Data for this exercise:
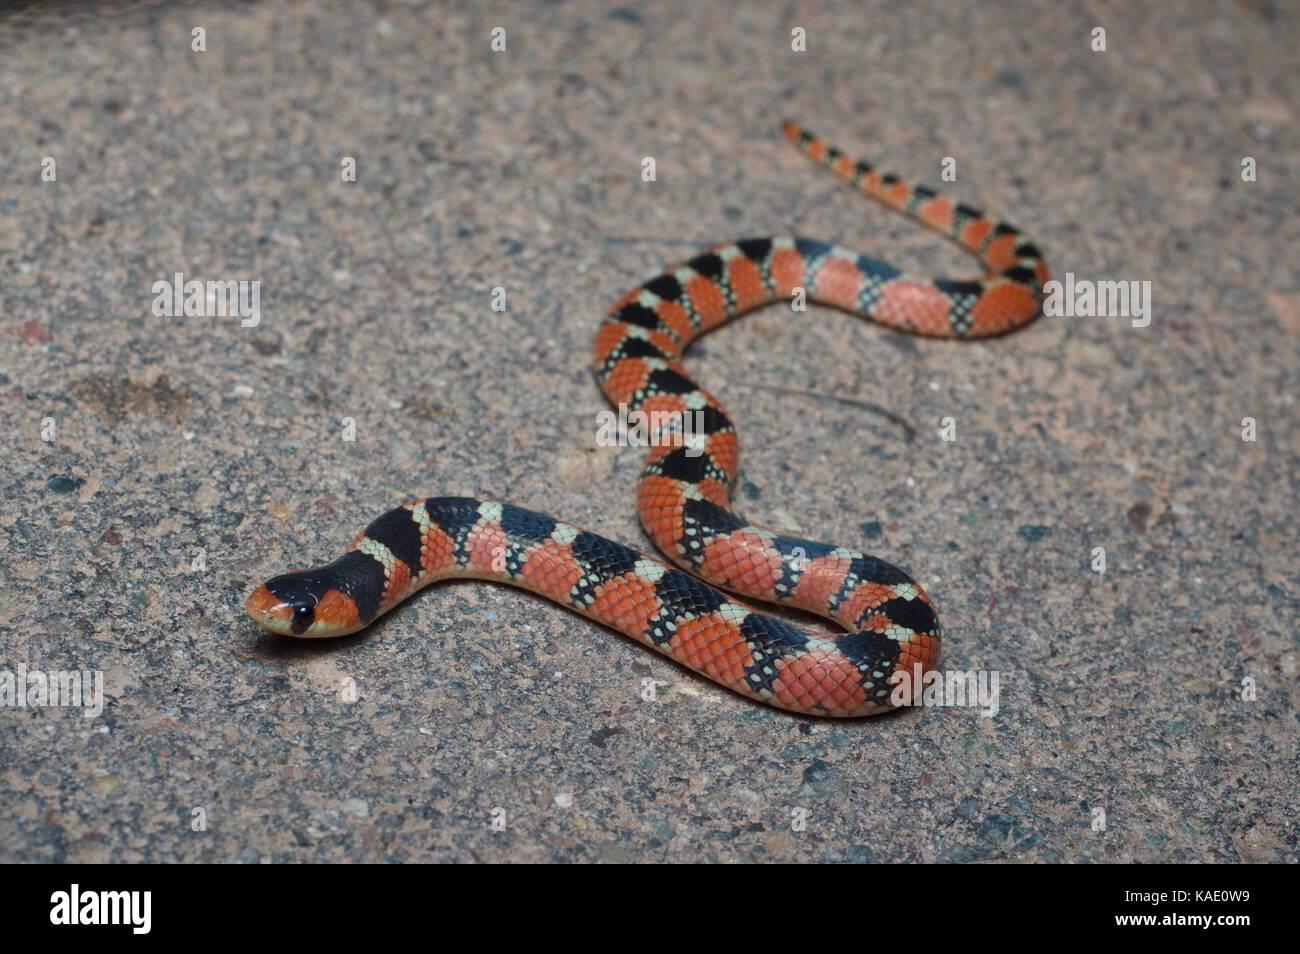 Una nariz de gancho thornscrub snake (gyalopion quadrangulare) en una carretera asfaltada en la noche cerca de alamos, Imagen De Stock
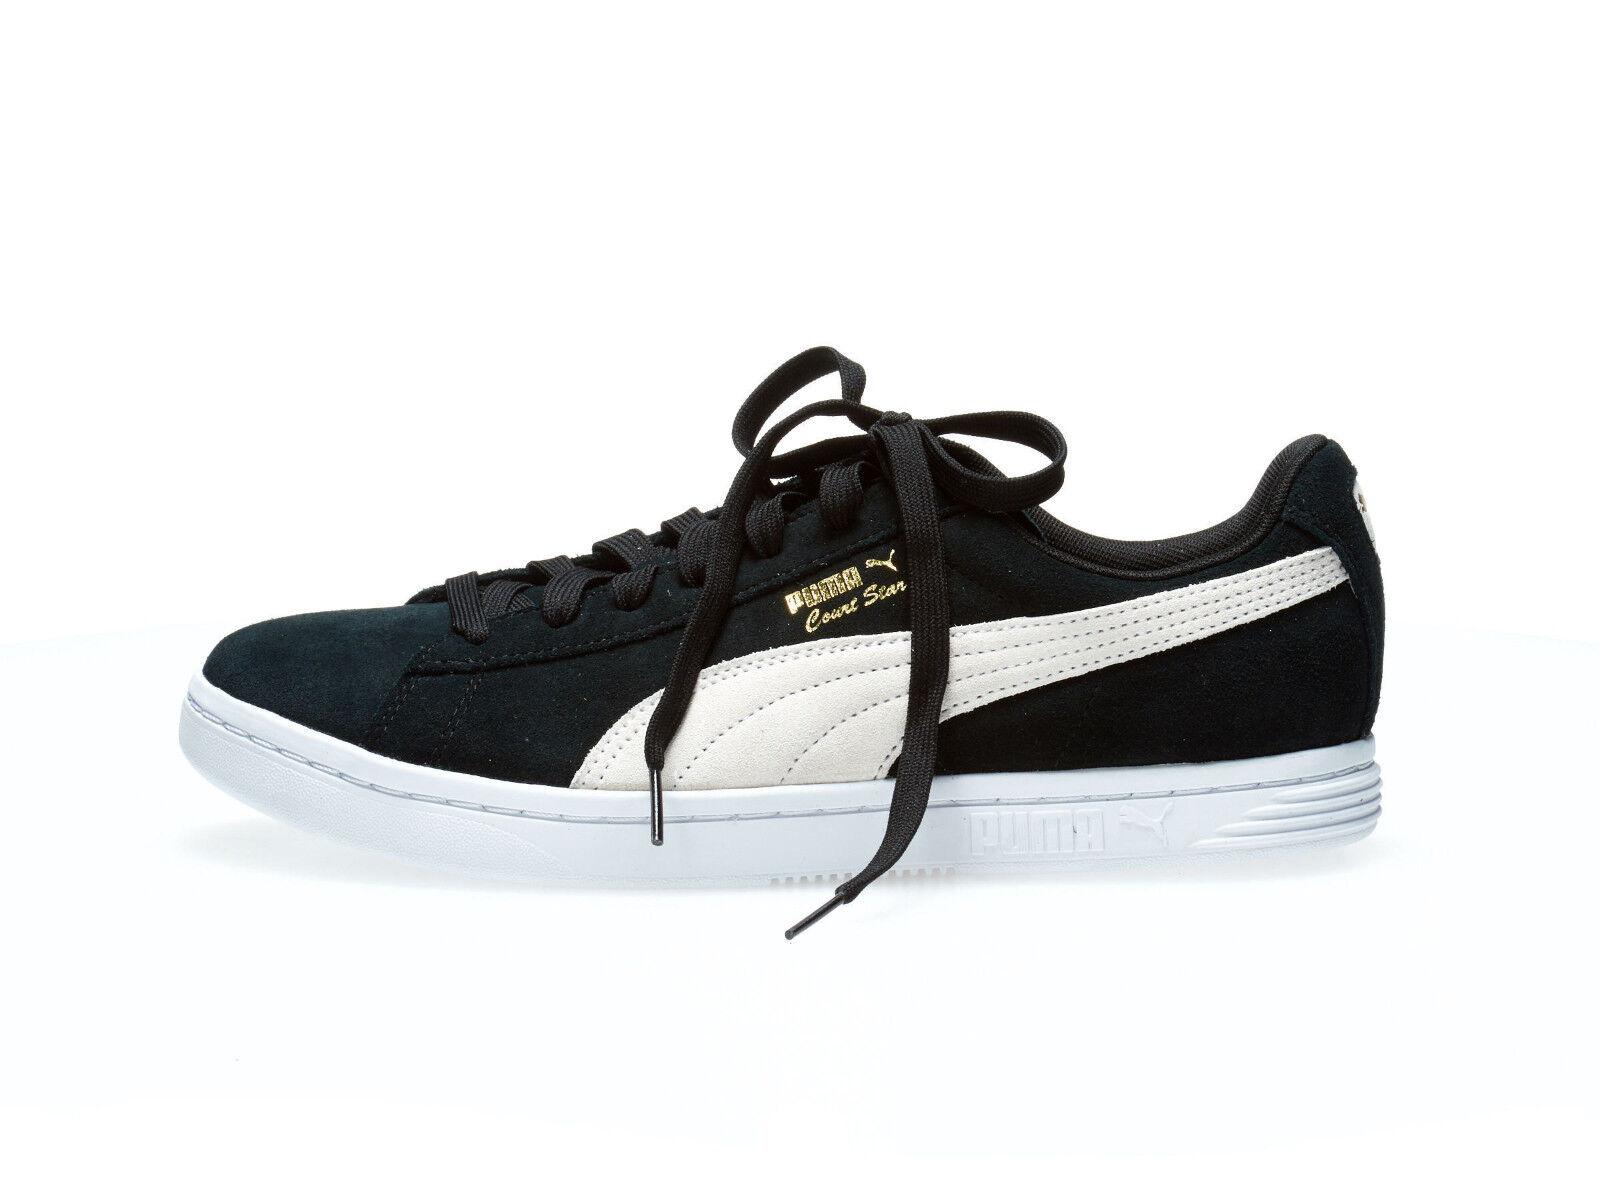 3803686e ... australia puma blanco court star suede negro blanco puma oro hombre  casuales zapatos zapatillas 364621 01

* * *

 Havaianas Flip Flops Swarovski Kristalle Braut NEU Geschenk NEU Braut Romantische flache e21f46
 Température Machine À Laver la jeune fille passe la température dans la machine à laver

* * *

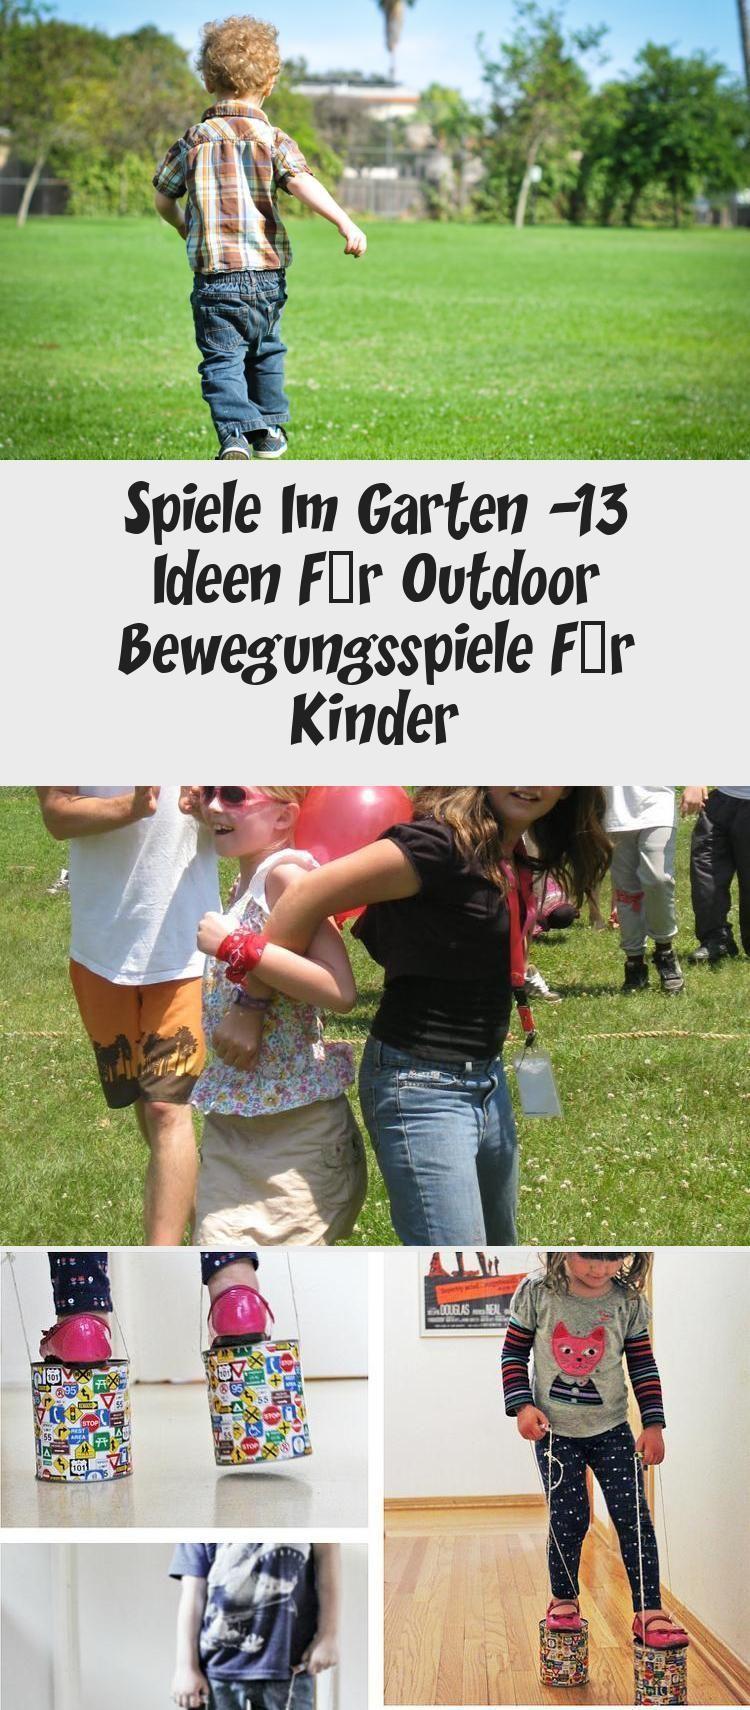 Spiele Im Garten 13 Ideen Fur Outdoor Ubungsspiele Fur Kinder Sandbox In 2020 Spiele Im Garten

Exercise aim: Quote the lines above exactly, starting with the one that has "Una nariz de" and ending with the one that has "3803686e ... australia"; drop the pictures and include nothing else.

Response to the exercise:
 Una nariz de gancho thornscrub snake (gyalopion quadrangulare) en una carretera asfaltada en la noche cerca de alamos, Imagen De Stock
 3803686e ... australia puma blanco court star suede negro blanco puma oro hombre  casuales zapatos zapatillas 364621 01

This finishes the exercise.